Limited to that “messaging only” model users have tried to shoe-horn their requirements into place. Using email documents are “sent-to-self” in order to be accessible whilst on the move. Bring collaboration into the picture and those documents and other business-critical data are proliferating across company and personal devices without little or no control. In essence we are putting the data where we need it in order to fit in with our expectations of mobility and accessibility.
This new way of working has brought with it some not-insignificant challenges when it comes to version control, data security, effective team working and consistency of purpose. The uncontrolled “breeding” of documents, for example, as they are shared, edited, sent and resent as attachments can lead to confusion and ultimately cost. Messaging will always be a part of digital life of course, but its use as the transport mechanism for documents, data and action is fundamentally misplaced.
The real promise of the mobile revolution comes in the shape of a cloud. With documents and data located online, and importantly only online, sharing, collaboration and control become virtually automatic. When business success is dependent upon one version of the truth the cloud nature of the mobile world is the true enabler. Once the business information gets truly on-line then the mobile revolution will become the new status quo.

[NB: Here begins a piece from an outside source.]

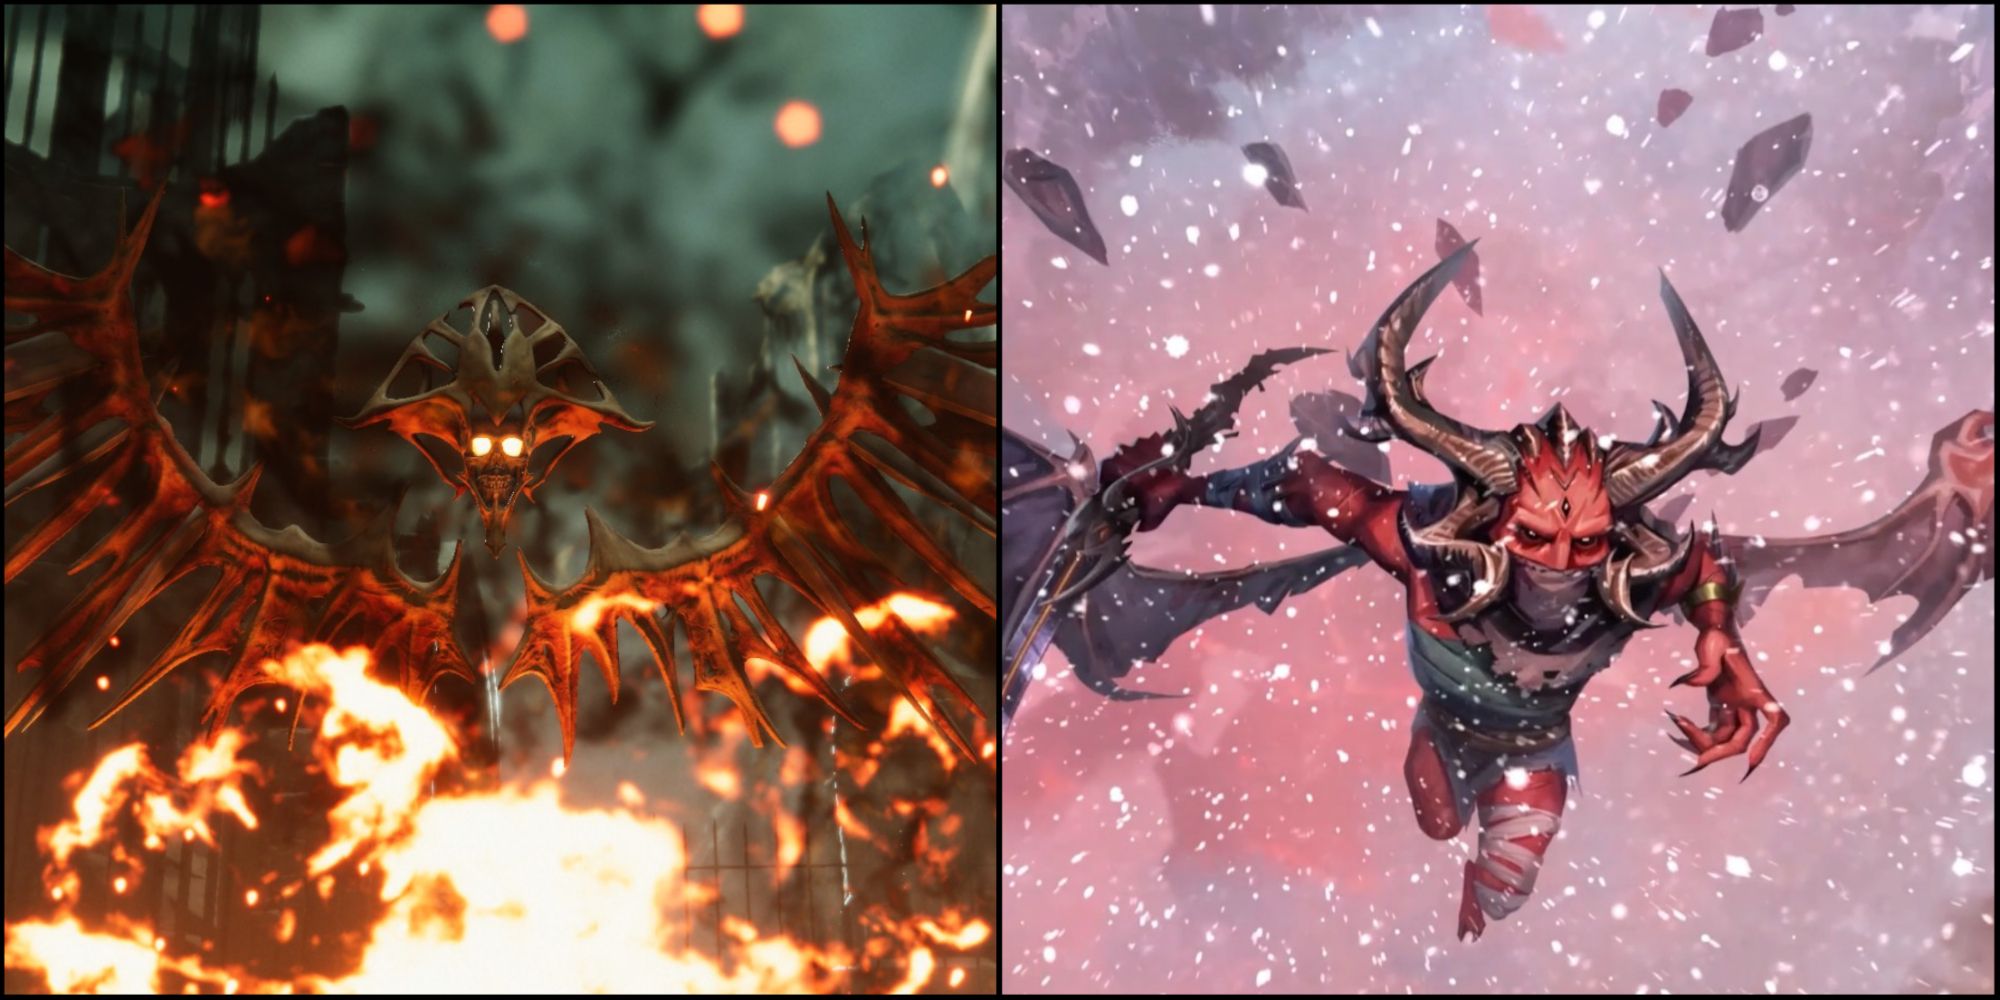 Voke's Red Judge Aspect on the left and the protagonist flying on the right.

It is the confluence of the two streams of compelling, highly usable devices and secure, always-on access to business information that will produce the torrent that will swamp the office-bound, PC-based, isolate islands of work.
This is going to impact you in two ways, and from two different directions.
Sooner or later you will have to replace your company IT hardware, particularly the machines used by the folks who do the work. If you’re minded to stay conservative and stick with the Windows front end to your current infrastructure then you’ll be wanting to think about that upgrade now…whilst there are still decent Windows-based laptops on the market. If everyone has just got their shiny new touch-enable swivel-screened decks then you might want to think about what they will be replaced with in 3 years from now.
Adding another layer of complexity to your day is going to be whether your back-office systems are ready for the revolution at the front end. The tablets are going to replace the laptops pretty seamlessly for messaging, word processing, number crunching and day-to-day productivity but what about access to and management of your backbone ERP and financial applications.
Planning for the shift into mobile technology shouldn’t be overlooked. Those of you who recall the effort that went into Y2K compliance (remember that?) will appreciate the being well prepared is the key to cost avoidance when the time to change arrives. Of course the mobile revolution won’t happen at the stroke of midnight next December 31st but in some ways that makes it all the more important to have a plan.